QctrlController

class qctrlmloop.QctrlController(interface: mloop.interfaces.Interface, qctrl: qctrl.qctrl.Qctrl, optimizer: Any, test_point_count: Optional[int] = None, learner: Optional[mloop.learners.Learner] = None, training_run_count: int = 0, interleaved_run_count: int = 0, **kwargs)

Controller for optimizations that uses BOULDER OPAL automated closed-loop optimizers.

You can use this controller to integrate an experiment managed by M-LOOP to a BOULDER OPAL automated closed-loop optimizer. Notice that you need to set up an M-LOOP Interface to your experiment, initiate a BOULDER OPAL session, and define your choice of BOULDER OPAL automated closed-loop optimizer prior to using this class.

Parameters
  • interface (mloop.interfaces.Interface) – The M-LOOP interface from where you obtain the cost value of the test points.

  • qctrl (qctrl.Qctrl) – The object representing the BOULDER OPAL session. You must initiate it before calling the controller.

  • optimizer (qctrl.types.closed_loop_optimization_step.Optimizer) – The BOULDER OPAL automated closed-loop optimizer that you want to use. It must be a valid optimizer object (containing either an initializer or a state from a previous optimization run), as described in the BOULDER OPAL reference documentation.

  • test_point_count (int, optional) – The requested number of test points that the BOULDER OPAL automated closed-loop optimizer generates at each step. If chosen, it must be greater than zero. This is a hint only. The BOULDER OPAL automated closed-loop optimizer might choose differently.
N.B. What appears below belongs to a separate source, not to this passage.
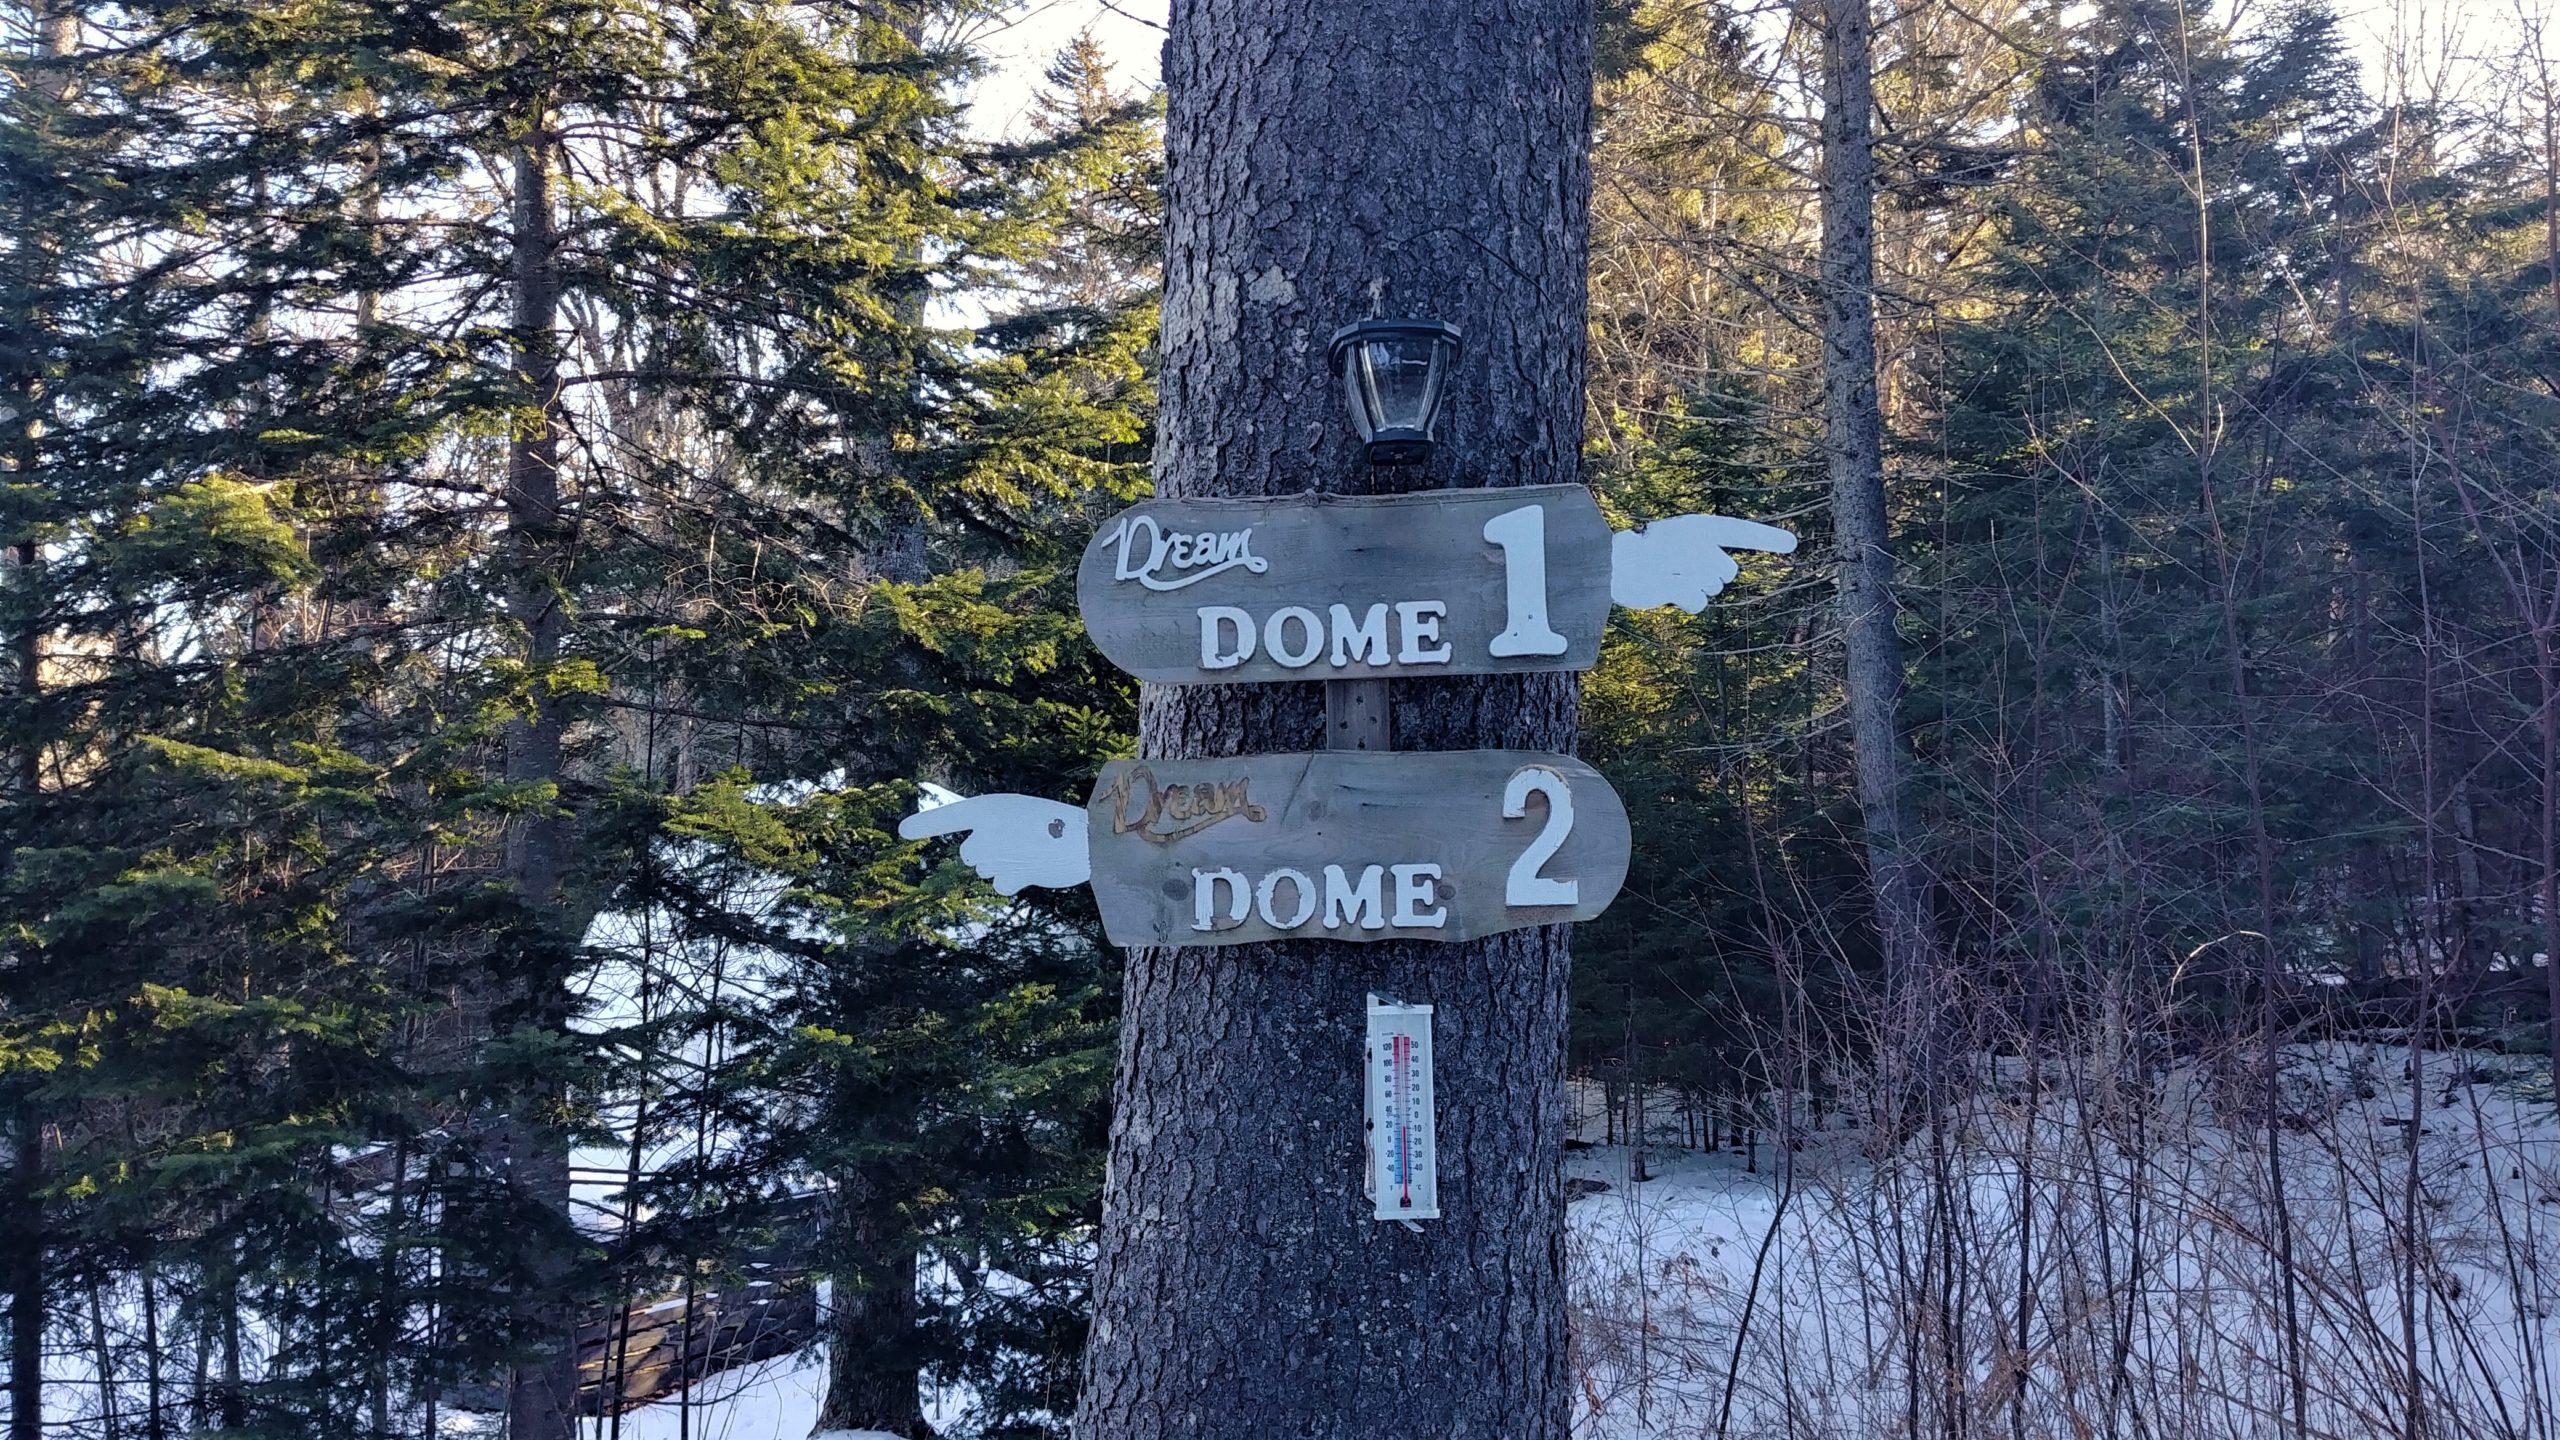 reserver ridgeback lodge voyage nouveau-brunswick canada

  • learner (mloop.learners.Learner, optional) – The M-LOOP Learner that this controller uses to obtain extra test points, before there are enough results to run a step of the BOULDER OPAL automated closed-loop optimizer. Defaults to None, in which case this controller uses a RandomLearner.
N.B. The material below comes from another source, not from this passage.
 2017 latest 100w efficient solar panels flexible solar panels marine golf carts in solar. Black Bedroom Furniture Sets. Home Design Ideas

  • training_run_count (int, optional) – The minimum number of training points that the controller obtains before calling the BOULDER OPAL automated closed-loop optimizer. Defaults to 0, in which case the controller uses the minimum number of points that the BOULDER OPAL automated closed-loop optimizer requires.

  • interleaved_run_count (int, optional) – The minimum number of test points that the controller obtains from the learner between two calls of the BOULDER OPAL automated closed-loop optimizer, in addition to the points that BOULDER OPAL requested. Defaults to 0.
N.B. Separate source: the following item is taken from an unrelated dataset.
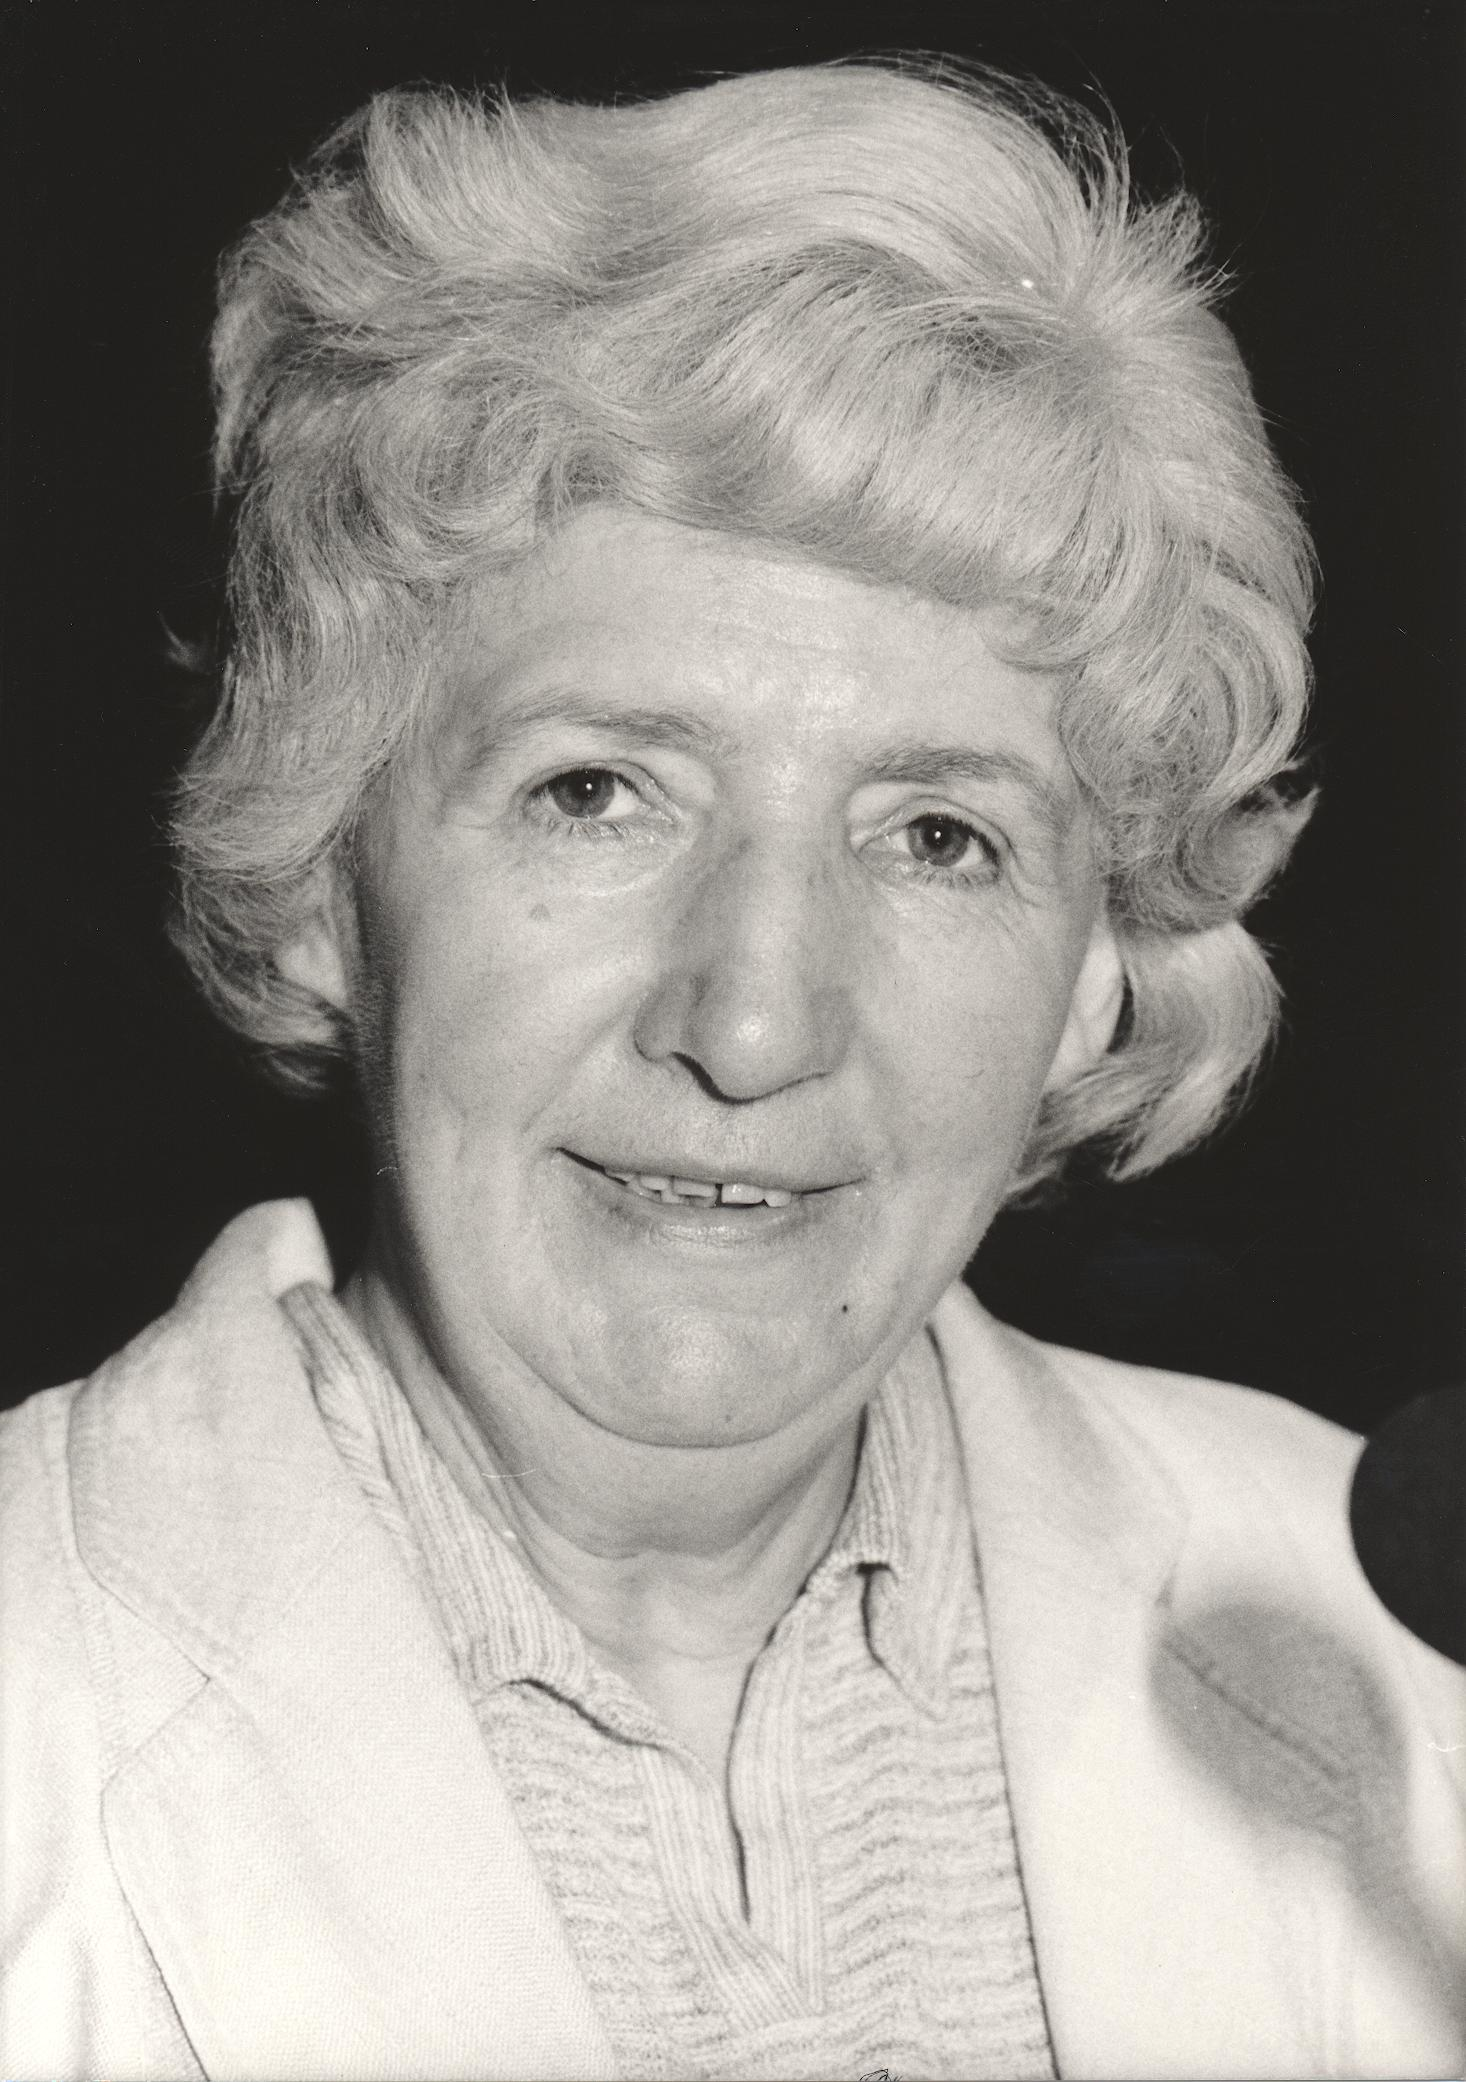 XI. Imago Mundi-Kongress 1987, Innsbruck, Rosemarie Mieg

  • kwargs (dict) – All the extra arguments that the Controller class from M-LOOP accepts.

Methods

check_end_conditions

Check whether either of the three end contions have been met: number_of_runs, target_cost or max_num_runs_without_better_params.

optimize

Optimize the experiment.

print_results

Print results from optimization run to the logs

save_archive

Save the archive associated with the controller class.